A sweet scent filled the entire building — 30 succulent pies were lined across a table waiting to be tasted by the judges. Hadley Anderson was the junior champion pie baker for her chocolate silk pie. Vicky Frank’s peach pie won best of show for the senior division. Vicky Duncan was the winner of the Busy Baker pie award.
There were other contests in the building, with booths featuring a substantial amount of hand-crafted items. Donna Jung, OSU Extension Family Consumer Science educator, was the general superintendent for all the booths put up by Oklahoma Home and Community Education.
“We put on educational booths featuring home projects such as handmade clothing, canned goods, baked goods, quilting and more.”
For the flower show, dozens of carefully arranged bouquets lined the booth, some showing impressive creativity with miniature figures and landscapes.
“Taking part in the competition is a good way to network with the community,” said Courtney Keck, OSU Extension horticulture educator. “It’s all about the pride of the competition rather than the prizes.”
Master Gardener Roger Quinn judged the competition, and the best of show was a nearly 50-year-old cactus grown by John Ridge.
It wouldn’t be the Canadian County Free Fair without more livestock shows. Later on Friday, Jackson Bow of El Reno took home the Grand Heifer award, and Kayden Offolter of El Reno won the reserve championship.
On Saturday morning there was a 4-H/FFA Livestock Judging Contest. For the Steer Show, Jackson Bow again took home the championship, and Lily Wedman of the Yukon FFA won the reserve championship.
After Saturday events like the Horse Show and the children’s Pedal Pull, there was a very successful Stick Horse Rodeo featuring kids from all over the county. All the first-prize winners were from El Reno. Kale Wedman won for ages 3-4, Trip Burden won for ages 5-6, and Brimley Crouch won for ages 7-8.
Before Saturday’s musical entertainment began, there was a ceremony for the Family Night Awards. Donna Dyer won Canadian County Person of the Year for her work with the community including organizations such as Blessing Baskets.
With a country sound full of hard rock guitar riffs and passionate vocals, the Holly Beth Band began entertainment on Saturday night. The band elicited cheers from the crowd. The band recently released an EP, and they are working on a full-length album due for release in 2019.
“We’re excited to be out here,” said Kingfisher native Holly Beth. “We are really glad they asked us to come out and play.”
There were many other events and competitions at the fair including master gardening booths, poultry and swine shows, sheep shows, lamb shows, a Tractor Pull, a Horseshoe Pitching Contest, a magic show and more.
Those involved with agricultural organizations such as 4-H, FFA and the OSU Extension believe that their programs teach kids invaluable life lessons.
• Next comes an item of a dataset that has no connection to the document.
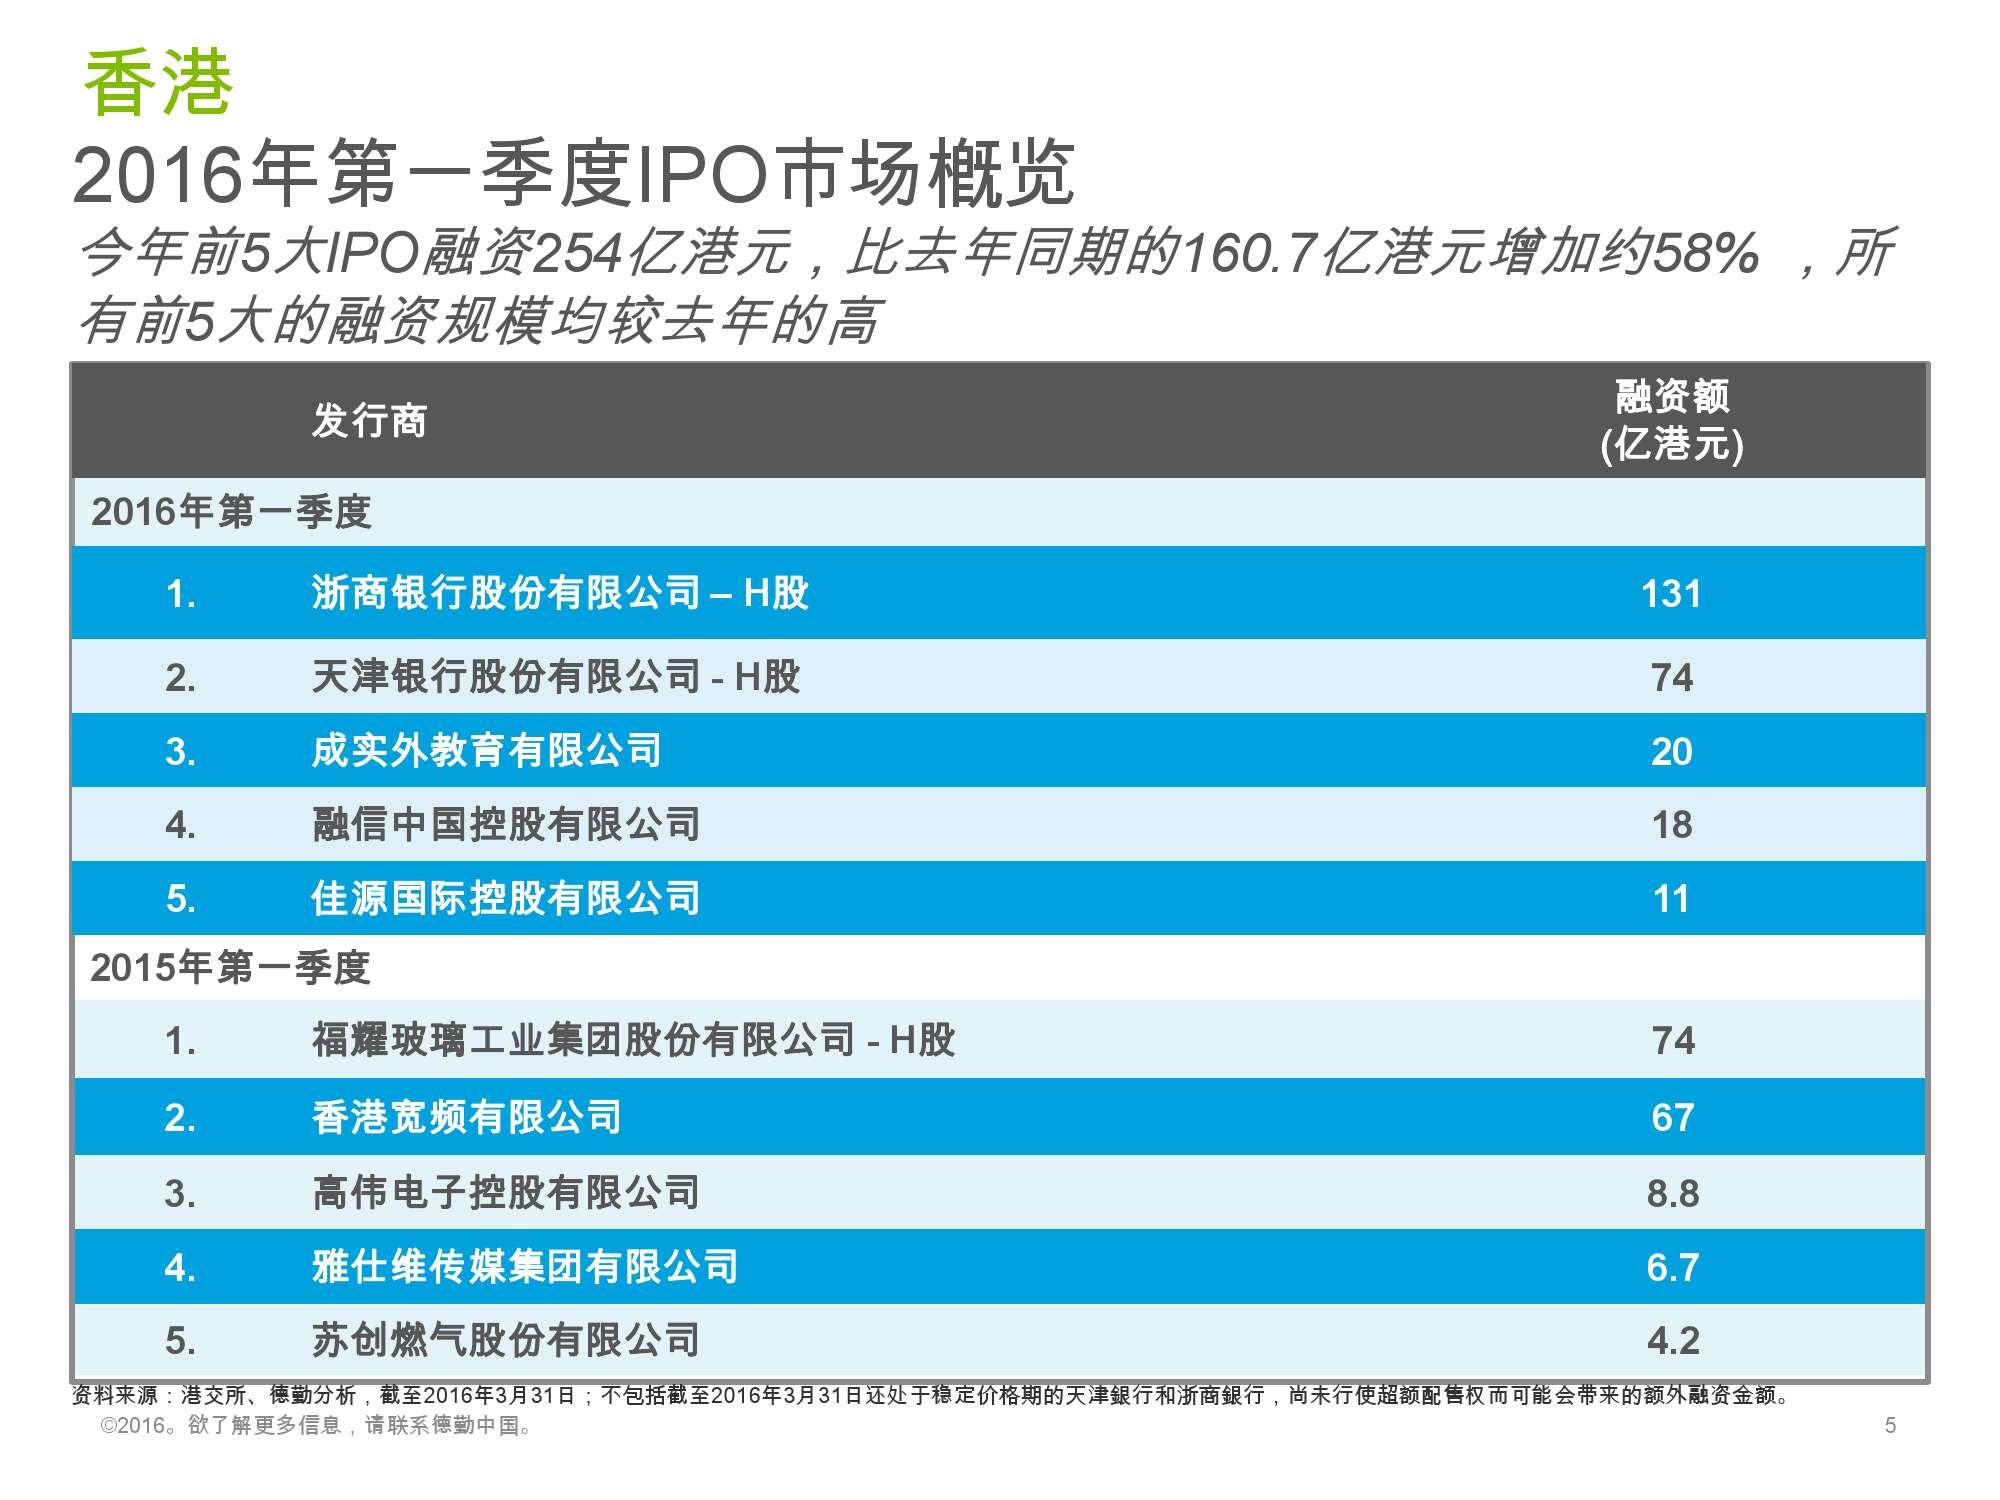 香港及中国大陆IPO市场2016年1季度_000005

The groups also set out to educate Oklahomans on a myriad of subjects including heart disease, diabetes and other health issues.
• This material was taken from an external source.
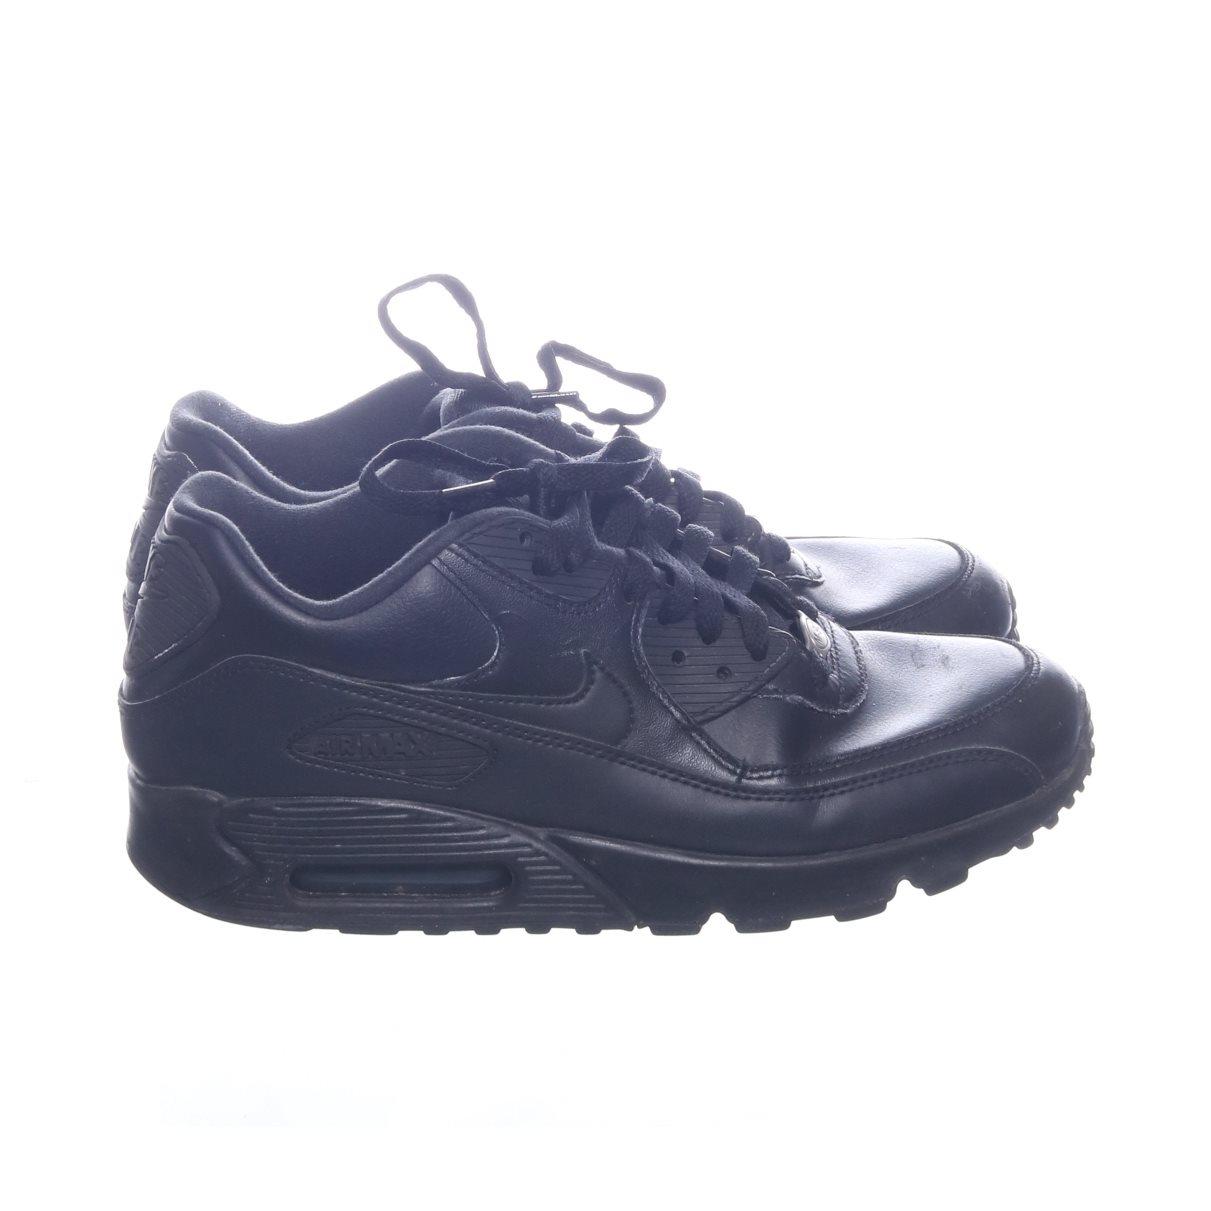 half off 26908 63c70 Nike Air Max, Sneakers, Strl  42, Air Max, Svart, Skinn

“Agriculture is important, everyone should know where their food comes from,” said Union City agricultural educator Amber Johnson. “Our programs help to promote agricultural literacy. They learn responsibility and compassion for animals. It helps them treat animals humanely when going to market — they become advocates for the humane treatment of animals.”
The fair helps bridge the gaps in the county as well, said one official.
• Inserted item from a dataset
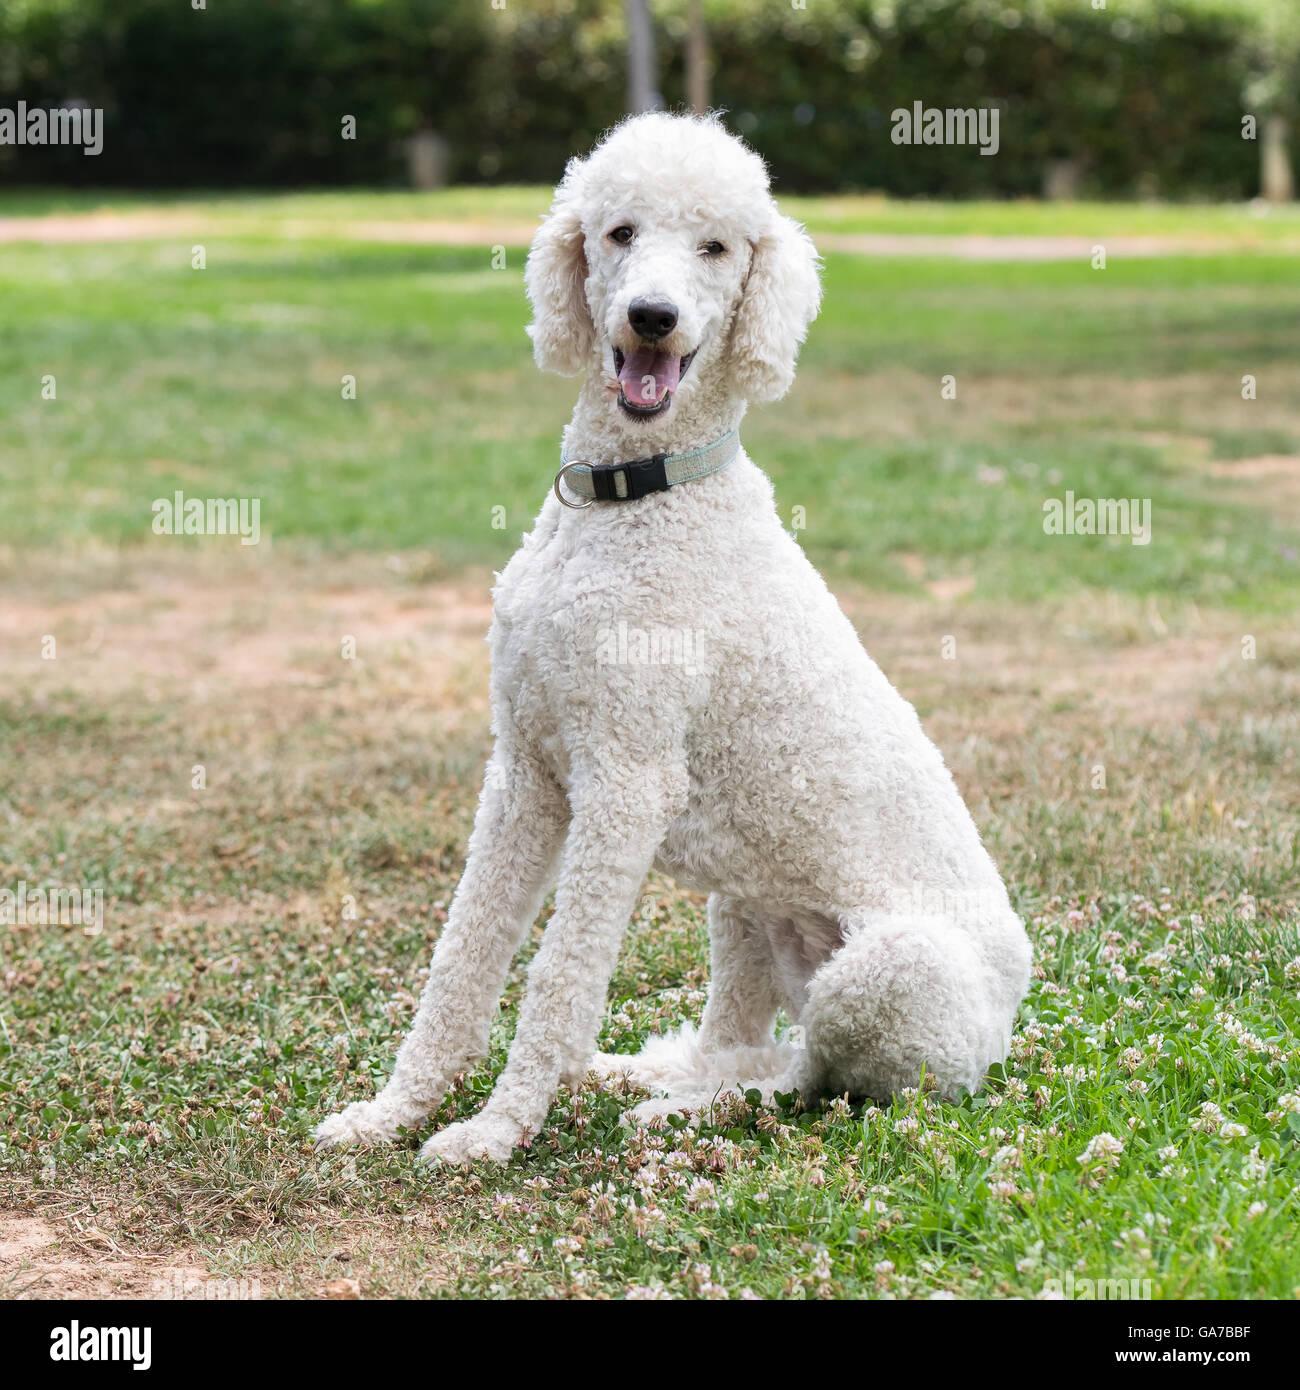 Poodle dog portrait at a park. - Stock Image

“In Canadian County, we have the urban side of the county but still have a culture rich in agriculture,” said Kyle Worthington, Canadian County OSU Extension director. “There gets to be an economic threshold due to the traffic flow and other factors that make it more difficult to farm. With urban sprawl, we’re losing a lot of natural resources, but we’re gaining at the same time. Younger millennials are coming in and they’re curious as to where their food comes from. The agricultural programs teach kids responsibility, public speaking skills and other skill sets. 4-H and FFA have interesting ways to engage kids and help develop their abilities.”